TASK TO COMPLETE: Apart from the pictures, everything in the lines below must be printed exactly.

DATA SHOWN:
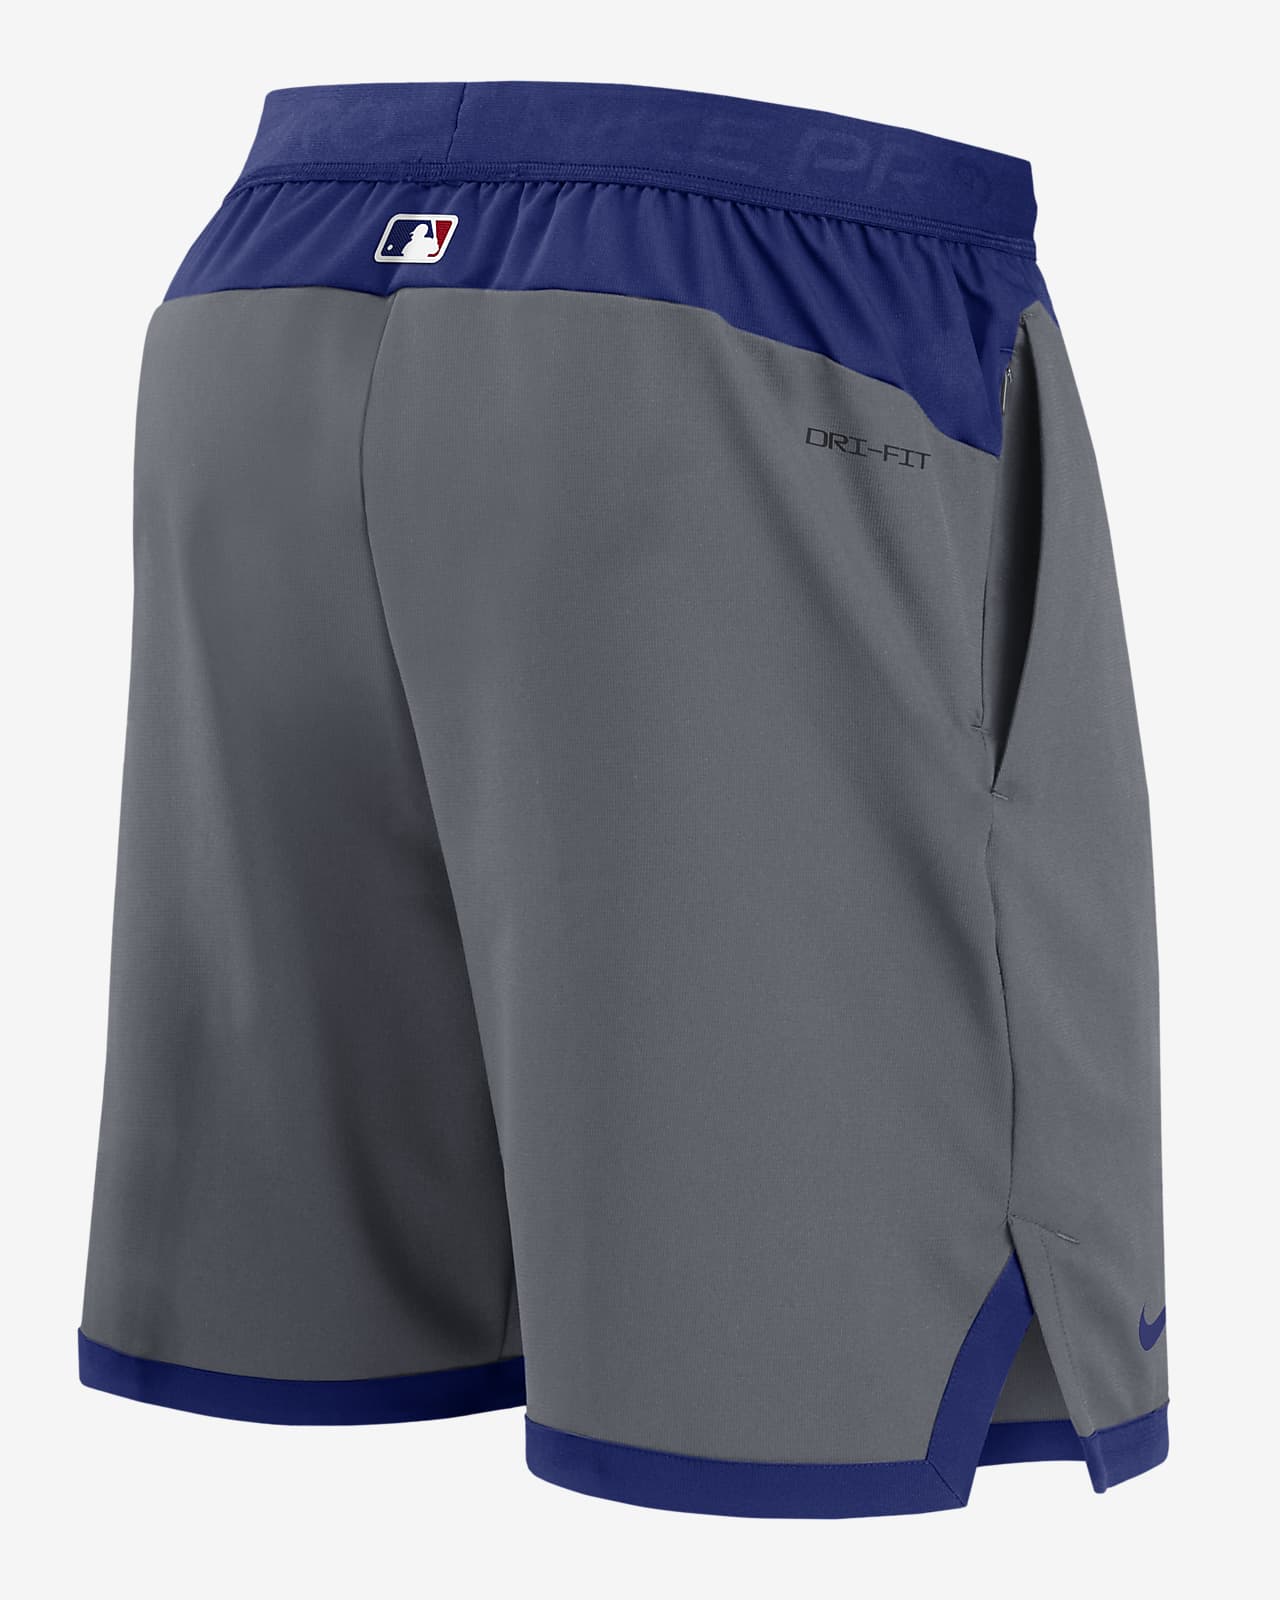 Nike, Shirts, Nike Texas Rangers Dry Fit
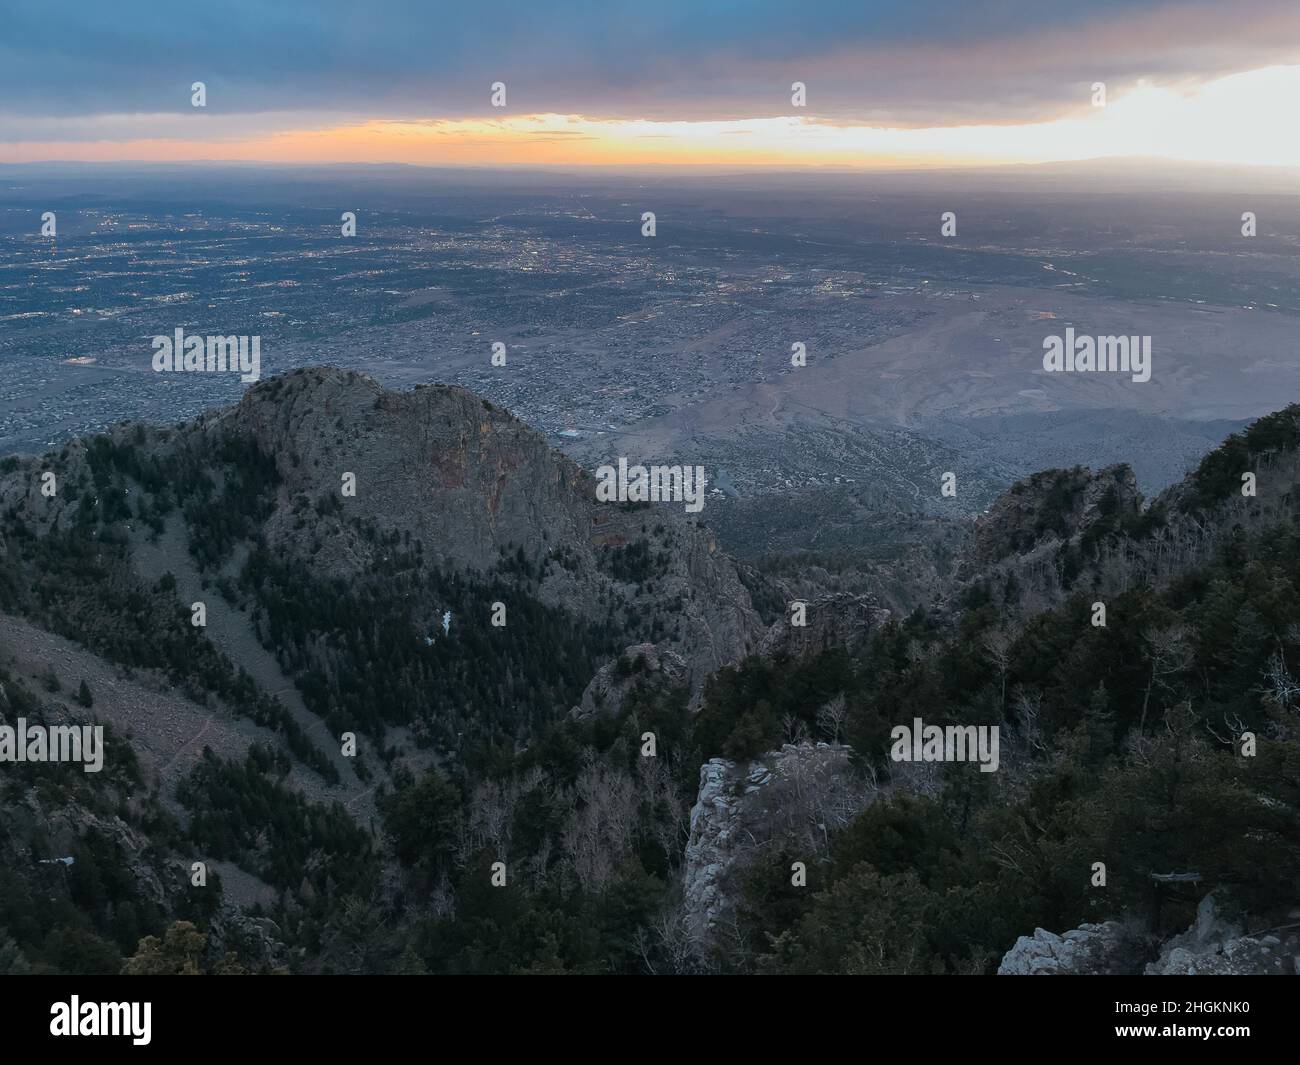 La ville d'Albuquerque vue au coucher du soleil depuis les montagnes Sandia, Nouveau-Mexique, États-Unis Banque D'Images
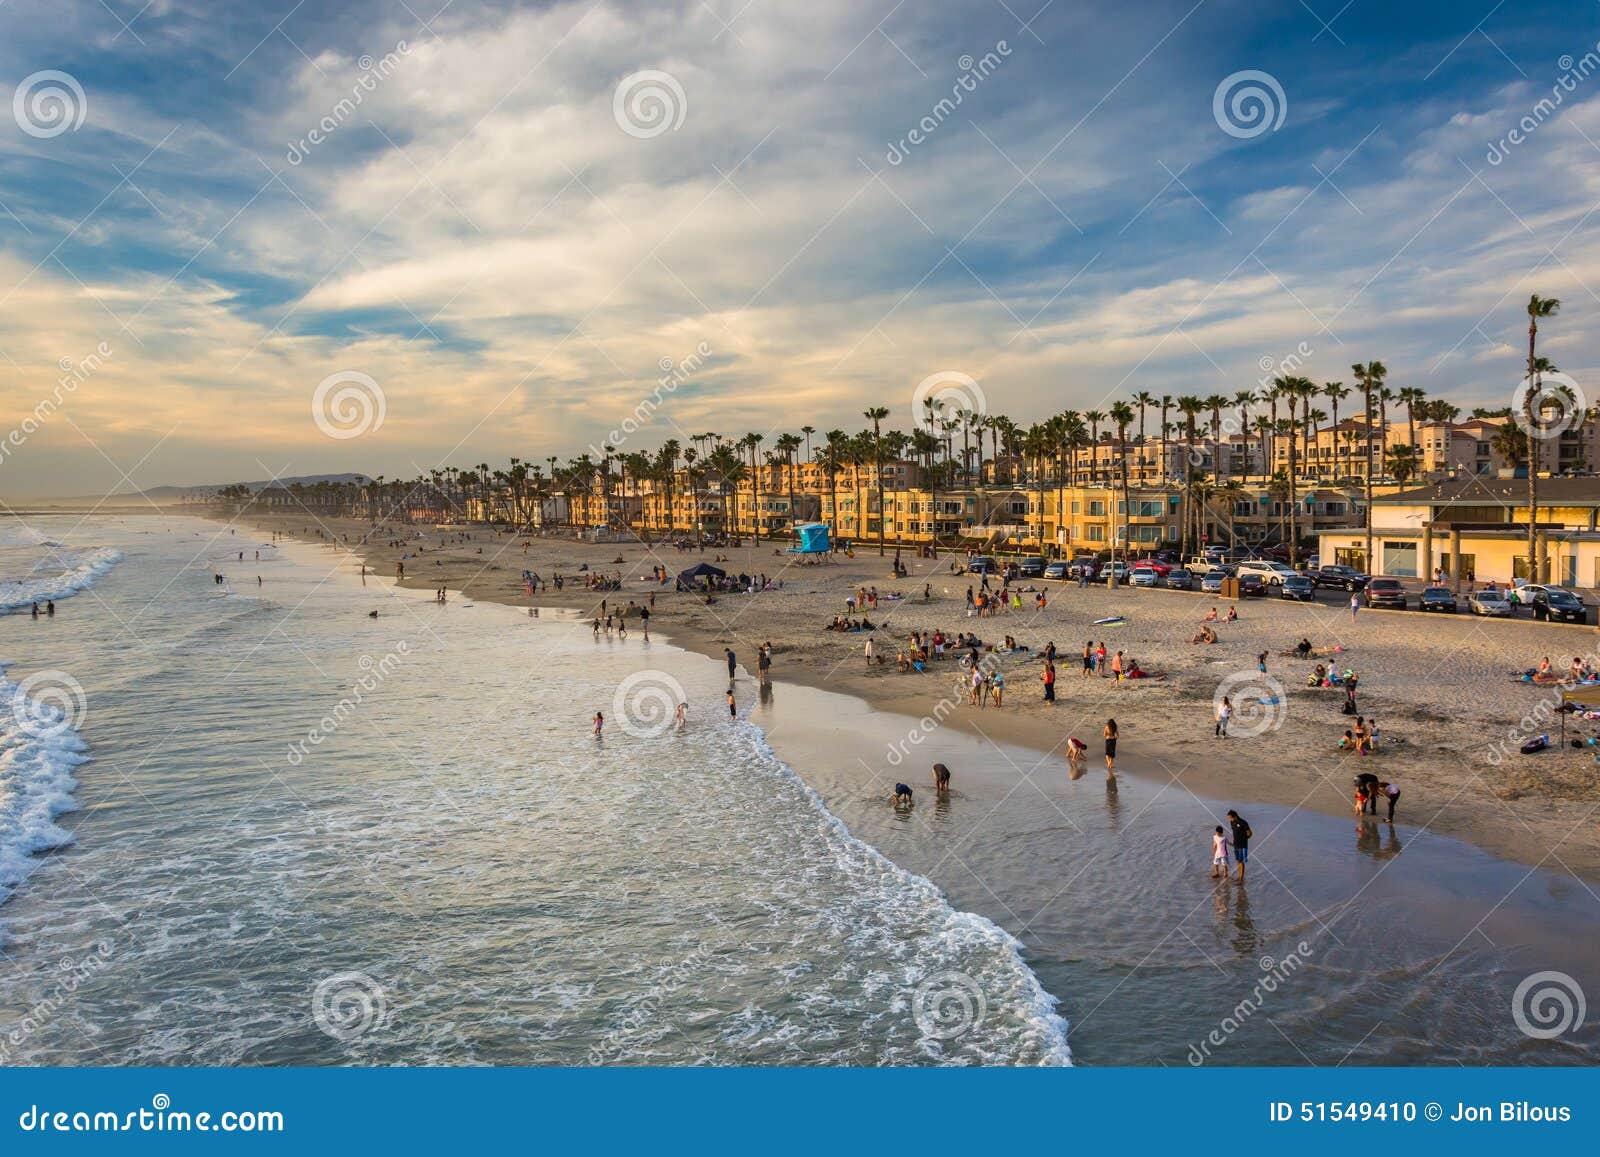 2,800+ Oceanside California Photos Stock Photos, Pictures
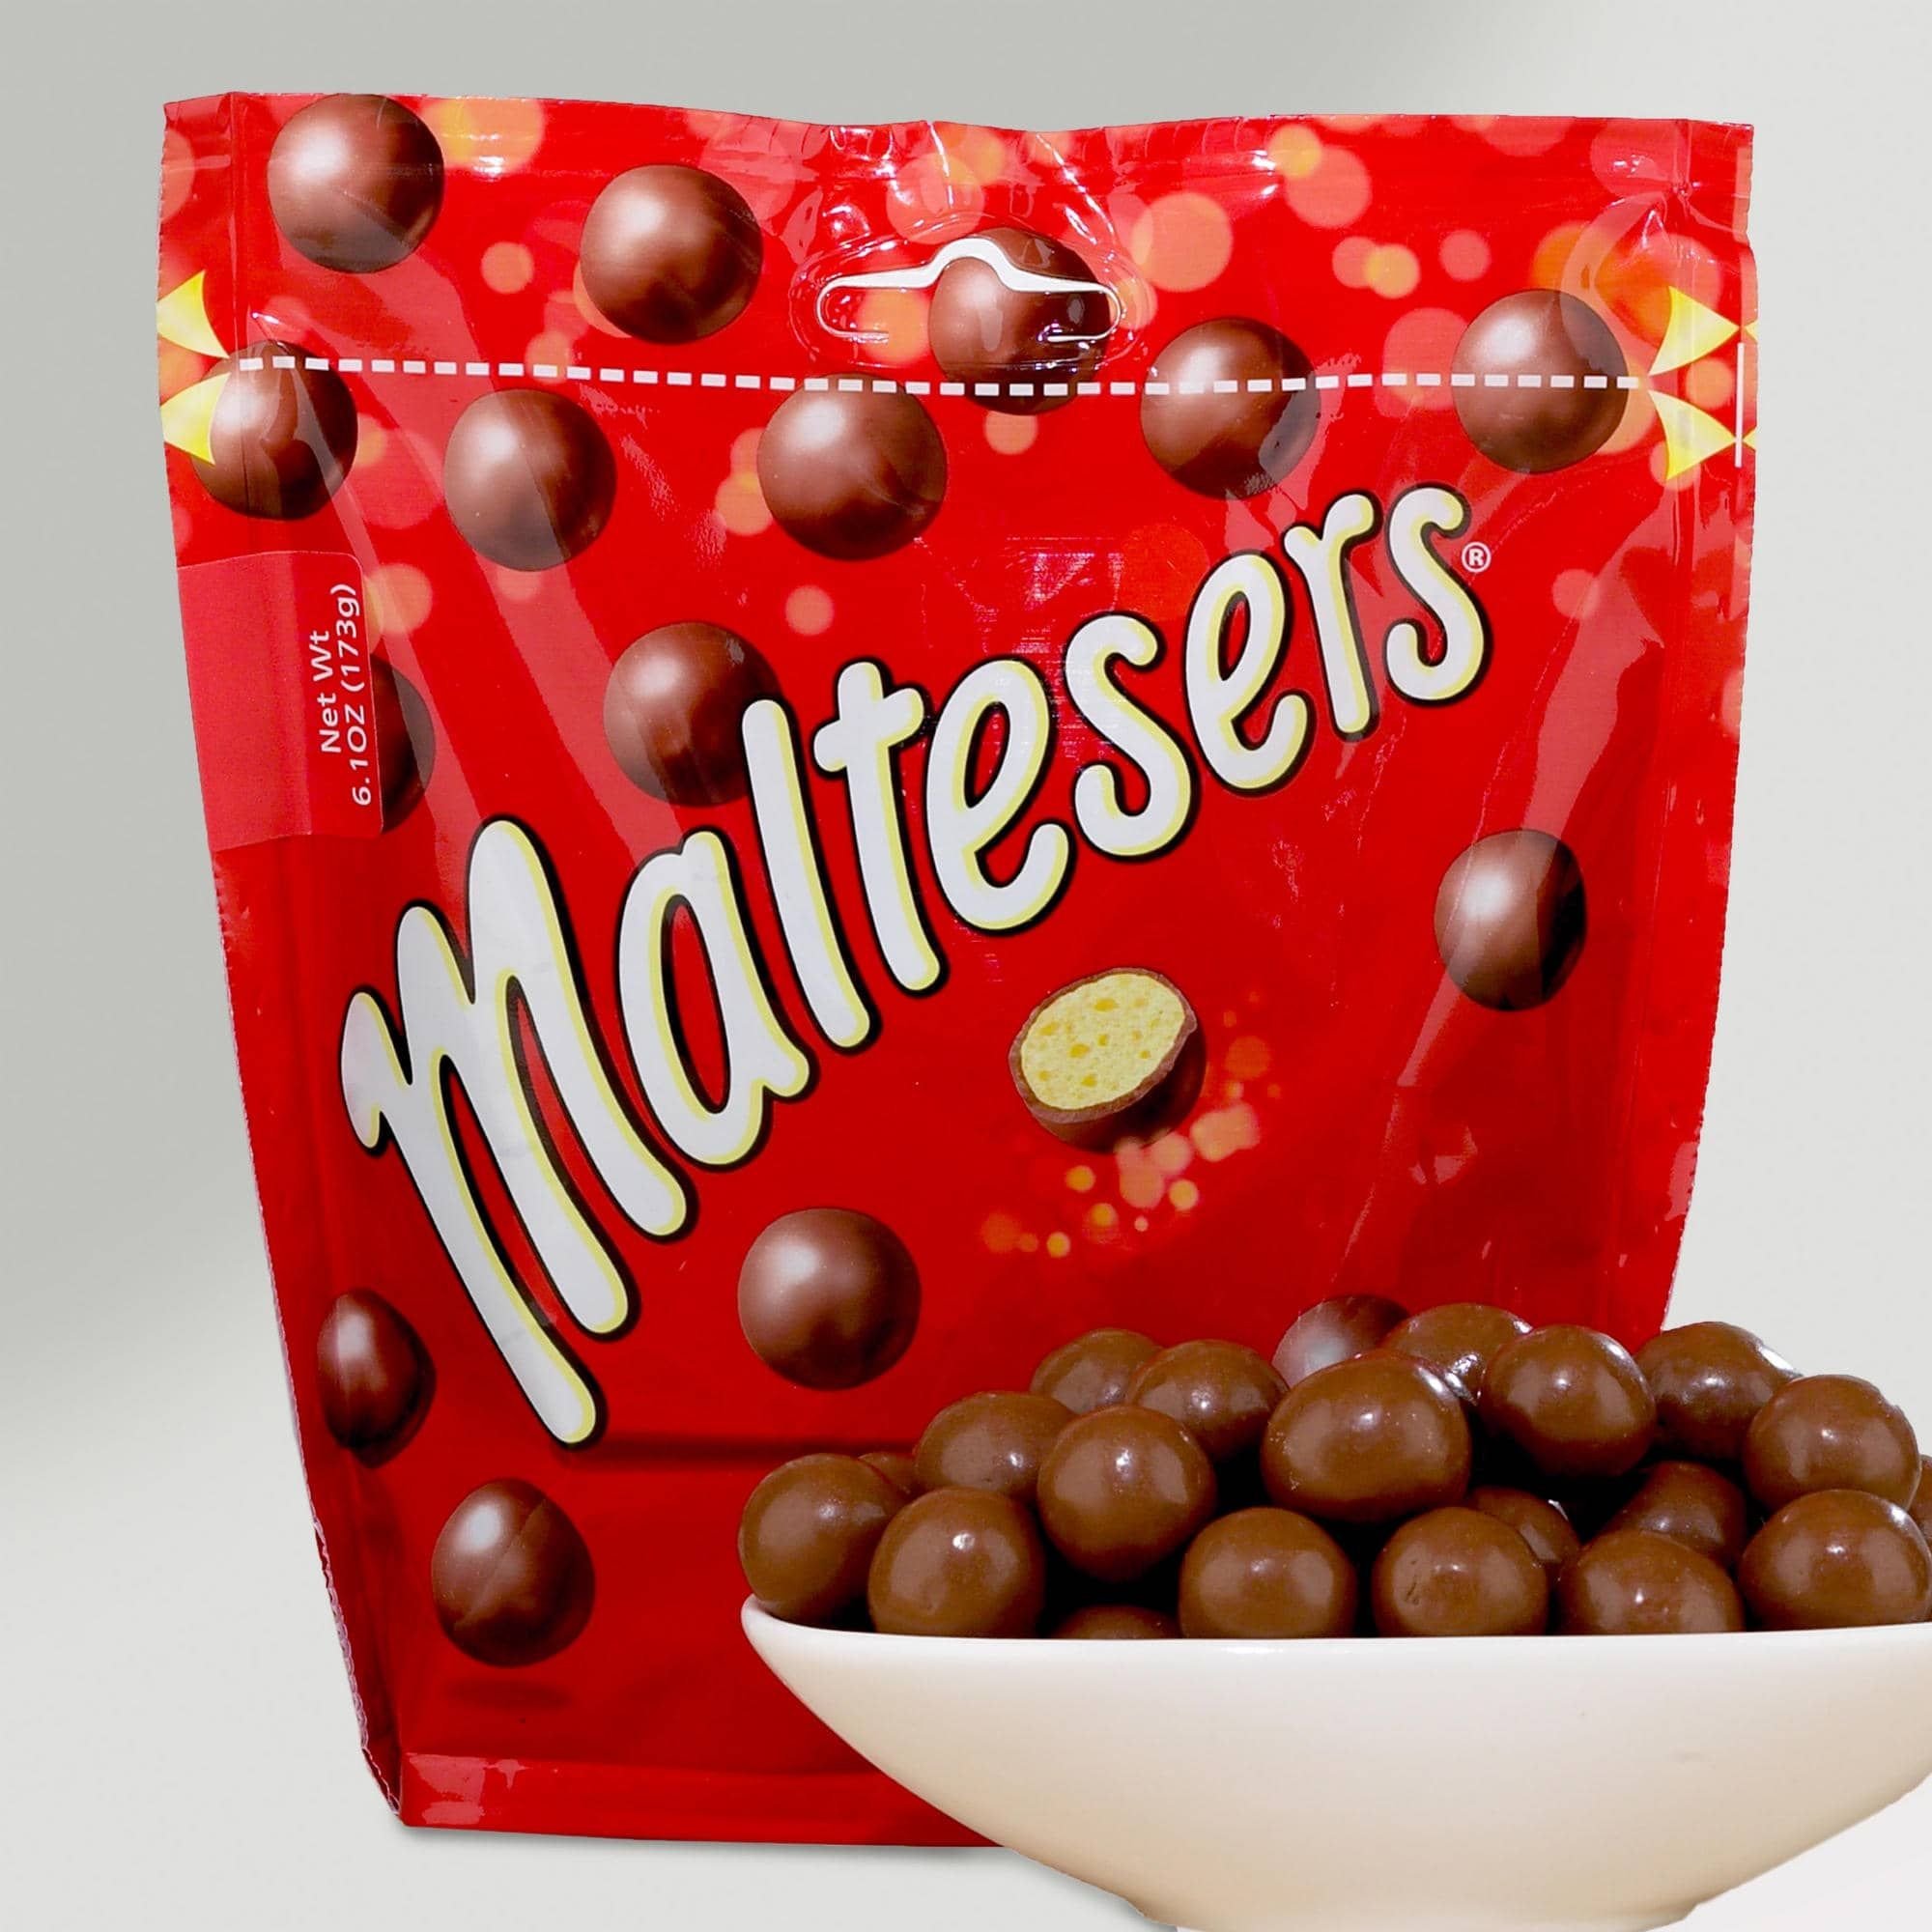 Мальтизерс. Шоколадные шарики Maltesers. Конфеты Maltesers шоколадные шарики. Драже Мальтизерс.

ANSWER SECTION:
 Nike, Shirts, Nike Texas Rangers Dry Fit
 La ville d'Albuquerque vue au coucher du soleil depuis les montagnes Sandia, Nouveau-Mexique, États-Unis Banque D'Images
 2,800+ Oceanside California Photos Stock Photos, Pictures
 Мальтизерс. Шоколадные шарики Maltesers. Конфеты Maltesers шоколадные шарики. Драже Мальтизерс.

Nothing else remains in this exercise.